この記事をまとめると
■GRヤリスの廉価グレードについて考察している
■WRCに参戦する台数規定を満たすために用意した
■結果的にはルールが変更され必要がなくなった
WRC参戦のための条件をクリアするため
近年のトヨタはスポーツカーの開発に並々ならぬ情熱を捧げている。ただし、伝統の名前を復活させたスープラ、同じく伝説的なモデルであるレビン/トレノの型式に由来する名前で誕生した86ともに、他社とのコラボレーションによって生まれたモデルであり、メカニズムの基本は他社のそれを利用していた。
そこでトヨタ・スポーツカーの真打として登場したのが、トヨタの純粋なスポーツカーと豊田章男社長も語る「GRヤリス」だ。
世界ラリー選手権(WRC)を戦うWRカーとはエンジン気筒数が異なるなど技術的な関連性はないが、同等排気量の1.6リッターターボを積み、トランスミッションは6速MT、GR-FOURと名付けられた4WD駆動システムとの組み合わせは、まさにチャンピオンマシン直系といったイメージで、たしかにトヨタ純血なスポーツカーとして正しい姿がここにあると感じてしまう。クーペ的なフォルム、カーボンルーフといった要素もピュアスポーツカーらしい。
とはいえ、GRヤリスには1.5リッターNAエンジンにCVTを組み合わせたFFの「RS」グレードも用意されている。WRC直系の本格スポーツカーというのであれば、廉価版と感じてしまうグレードをわざわざ用意することはブランディング的にはマイナスに見えるし、RSグレードの価格は265万円と、けっしてリーズナブルなわけではない。ほぼ同じパワートレインのヤリスであれば160万円程度から売られているのだ。パフォーマンスの面だけでいえば、GRヤリスRSを選ぶのは合理的ではないようにも思える。
もっとも、廉価グレードといっても前述したカーボンルーフやアルミ製エンジンフードなどは上級グレードと共通で、そのボディに価値を見出すのだとすれば5ドアのヤリスに対して100万円のエクストラコストというのは、かえってリーズナブルに感じるのも事実だ。
それはさておき、GRヤリスが4WDターボだけでなく、NA・FFもラインアップしているのはWRCのレギュレーション(規則)との関係というのが通説だ。
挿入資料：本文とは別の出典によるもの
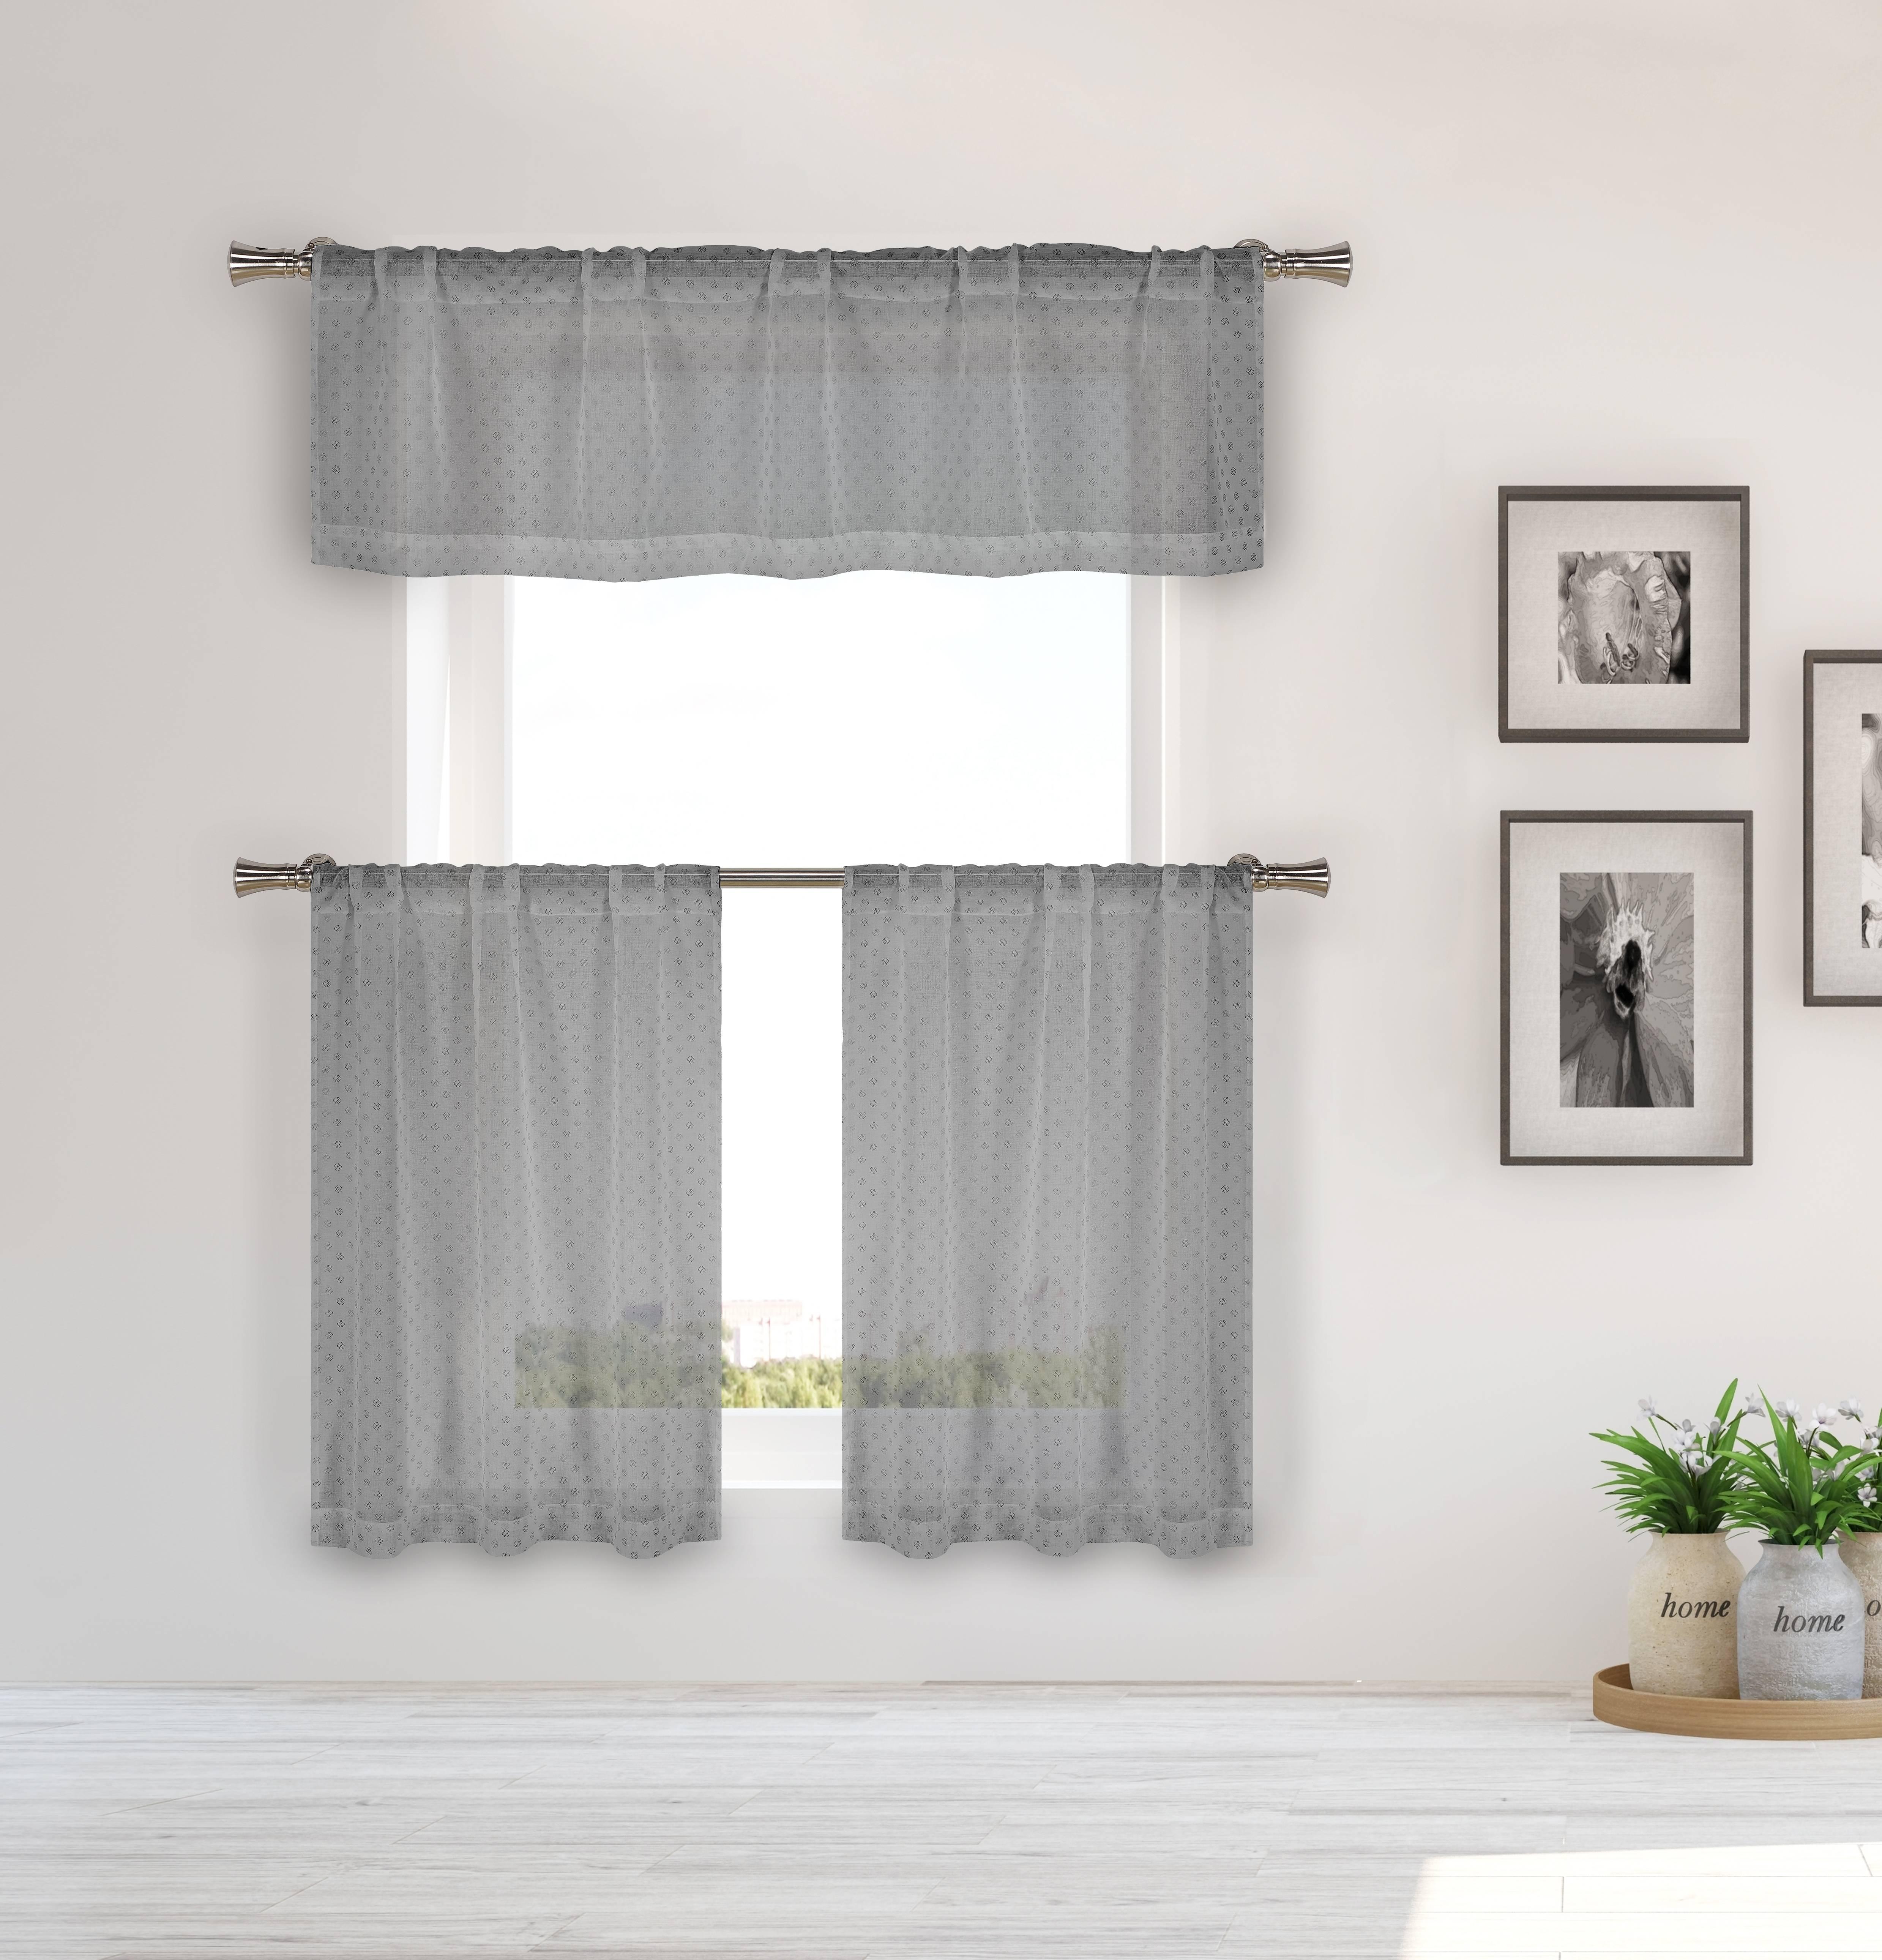 Elara 3 Piece Kitchen Curtain Set 56 in. W x 15 in. L in Silver
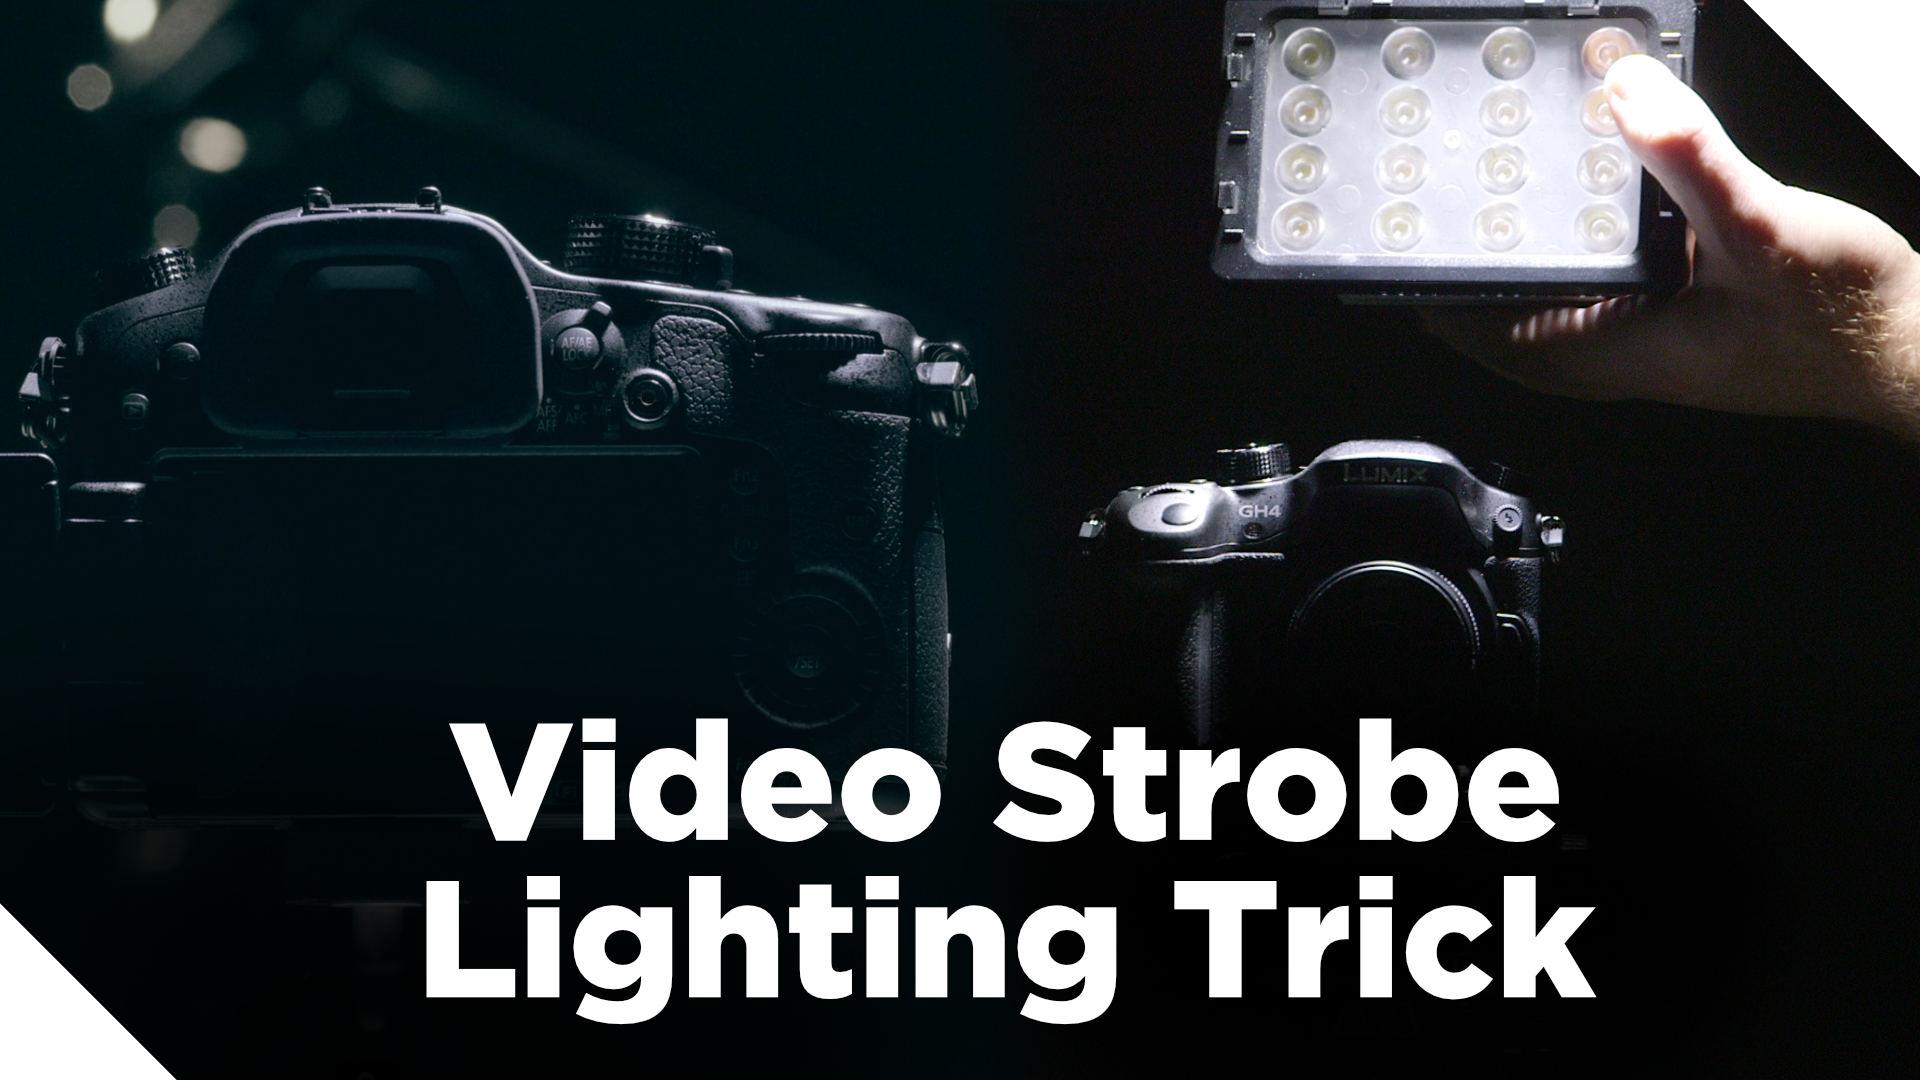 Sweet Video Strobe Lighting Trick

2022年から新レギュレーションに変わってしまうのだが、少なくとも現行レギュレーションにおいては、WRカーのベースとして認められるためのホモロゲーションを取得するには、連続した12カ月間に2500台以上、車種全体で2万5000台以上という生産台数が必要となっている。GRヤリスは将来のWRC参戦モデルとして開発されている部分もあり、この台数基準を満たすには4WDターボだけでは難しいのも事実。そうであれば、2万5000台以上の販売を確実にクリアできるように廉価グレードを用意するのは当然の判断だ。